L’usine avec sa nouvelle cheminée avant la destruction de l’ancienne par minage
L’usine avec sa nouvelle cheminée
avant la destruction de l’ancienne par minage

Après la Guerre 1939-1945, le tannage à l’aide du tanin végétal n’est plus de mise. Les professionnels du cuir lui préfèrent le tannage au chrome ou celui utilisant les nouveaux tanins chimiques.
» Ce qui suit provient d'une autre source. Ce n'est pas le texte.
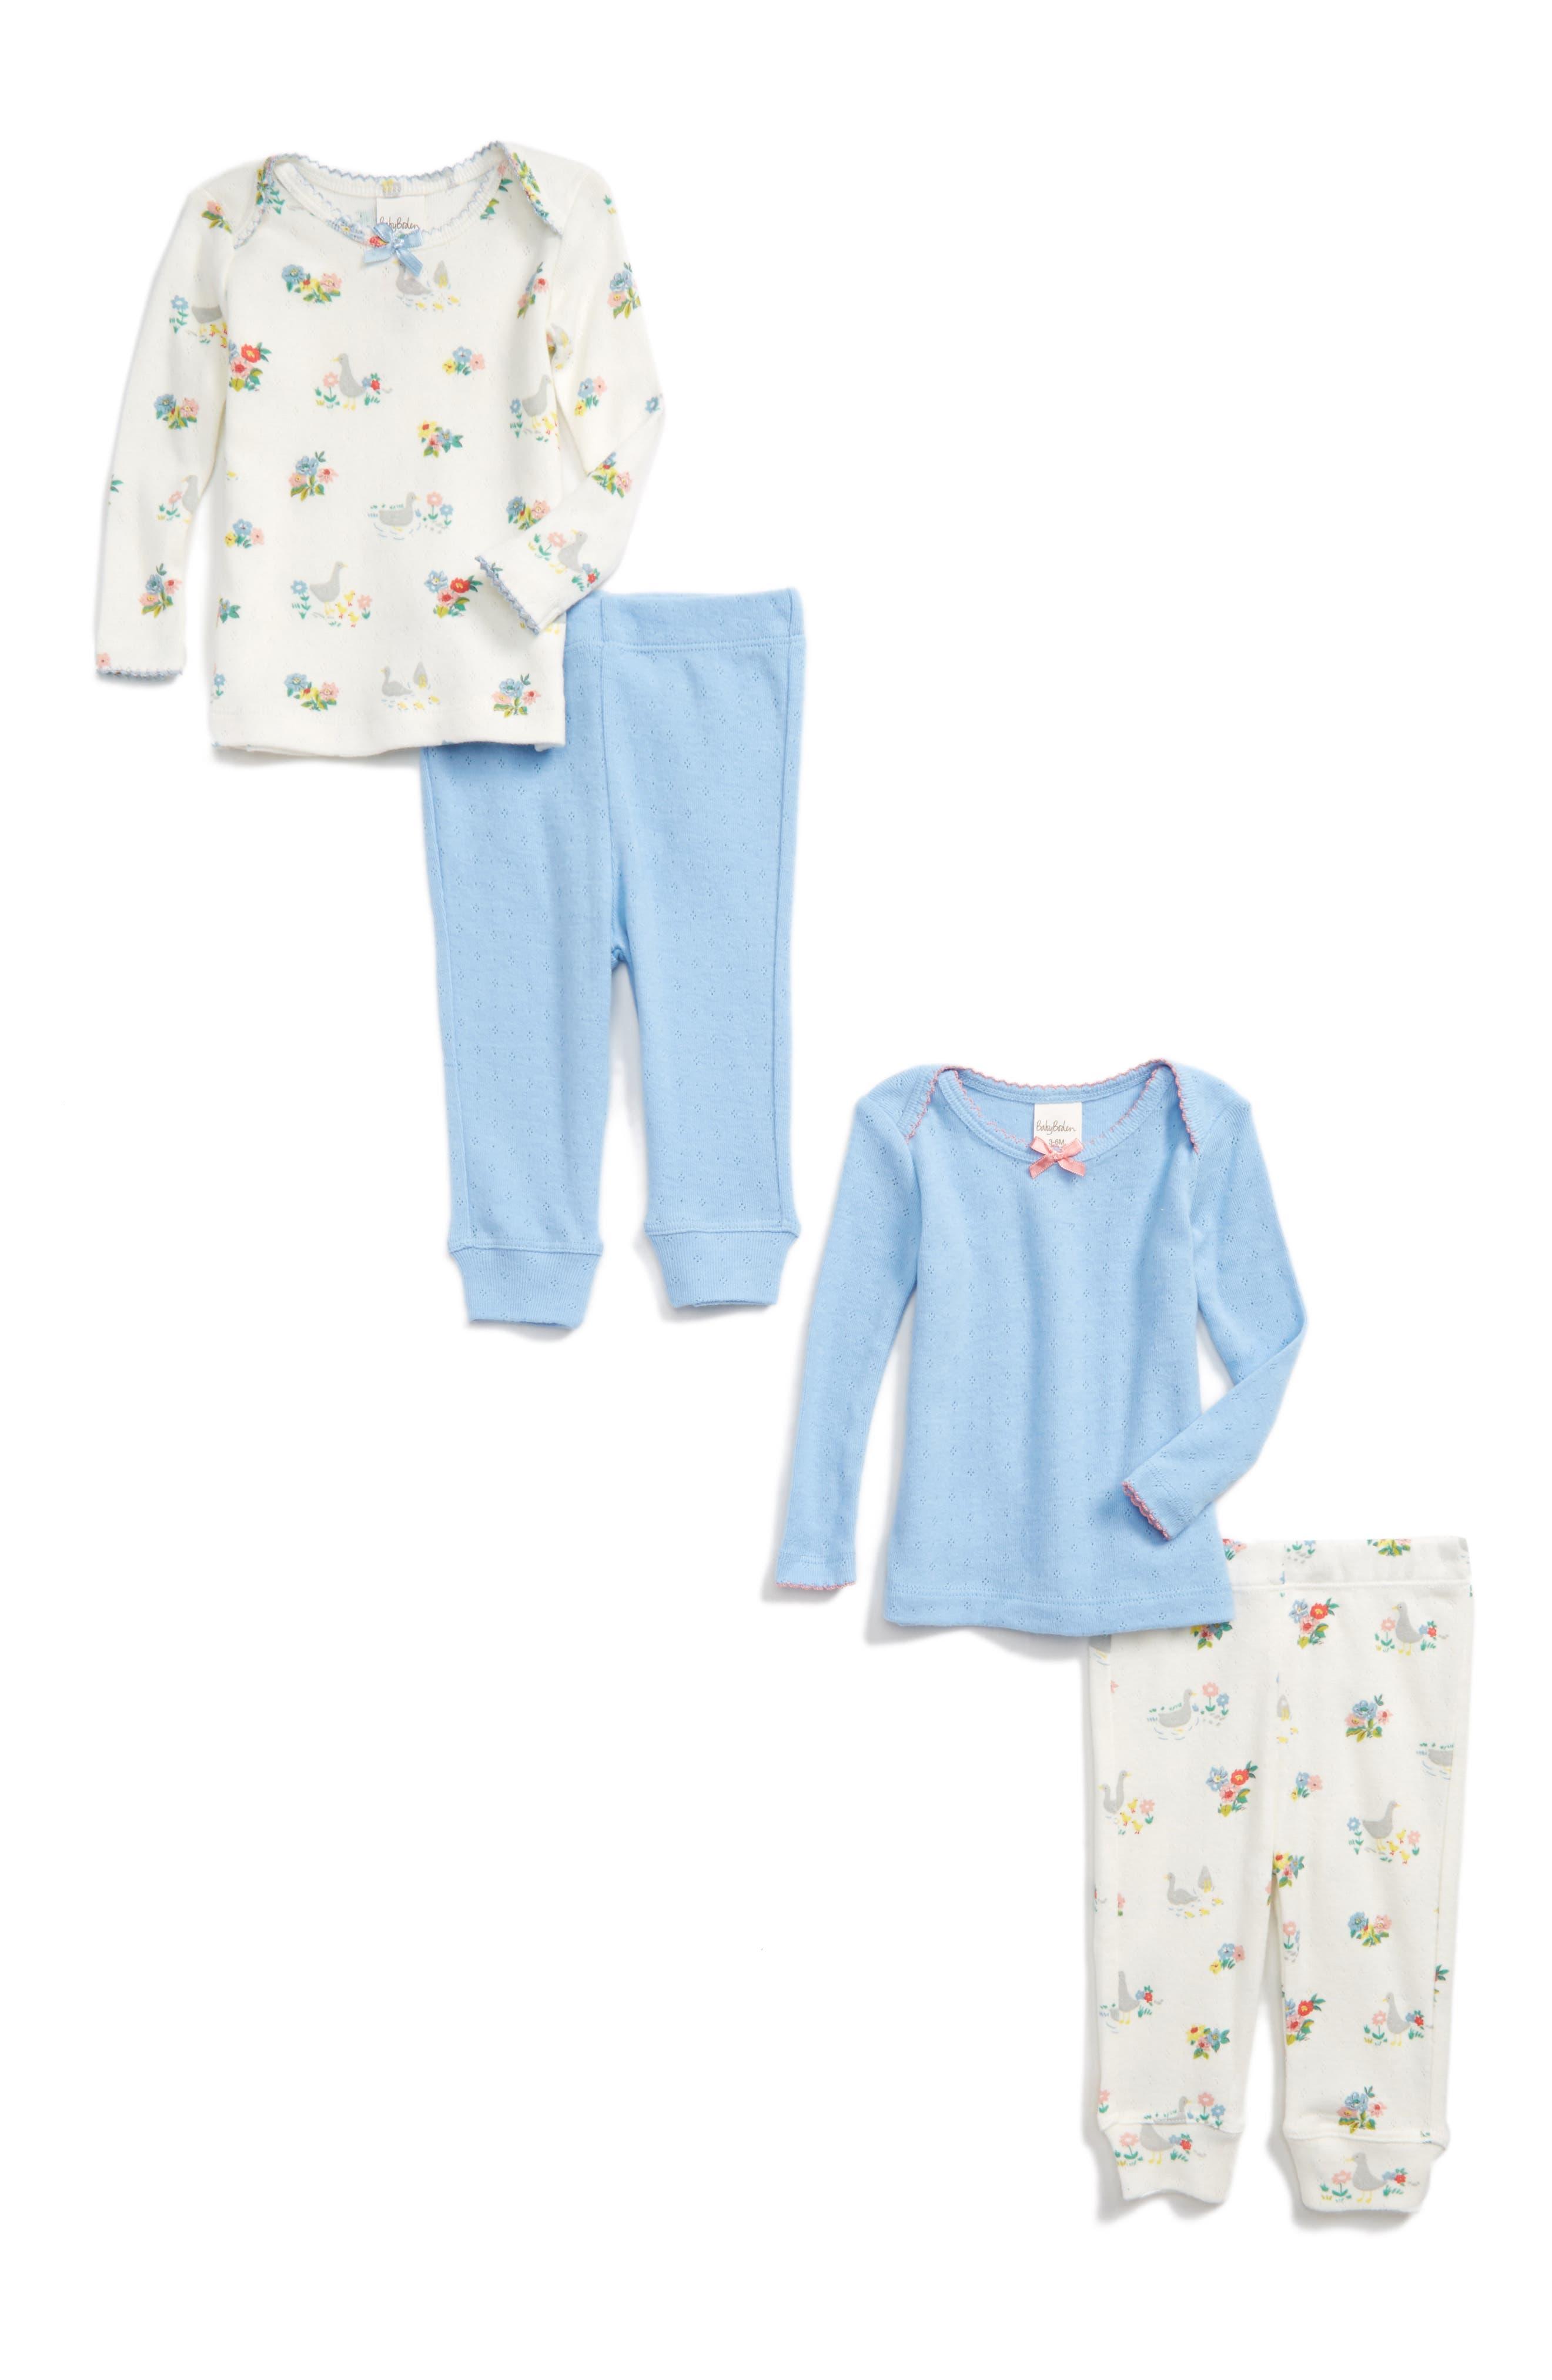 Main Image - Mini Boden Cozy Pointelle 2-Pack Tee & Pants Set (Baby Girls & Toddler Girls)

La fermeture de l’usine paraît inéluctable. Son directeur, Henri Villez fils, conseille à quelques ouvriers ayant un fort potentiel d’envisager une reconversion dans d’autres secteurs. L’inévitable arrive en 1962, date de la fermeture du site par Progil. Quelques employés seulement ont l’opportunité et la volonté d’intégrer l’usine de Progil à Pont-de-Claix dans l’Isère. Saint-Sauveur-de-Montagut qui, selon Elie Reynier dispose encore de plus de 500 emplois industriels et artisanaux dans les années 1950, se trouve durement touché. Cette fermeture s’ajoutant au déclin inexorable de son industrie textile contribue à l’exode de la population rurale locale dans les années 1960.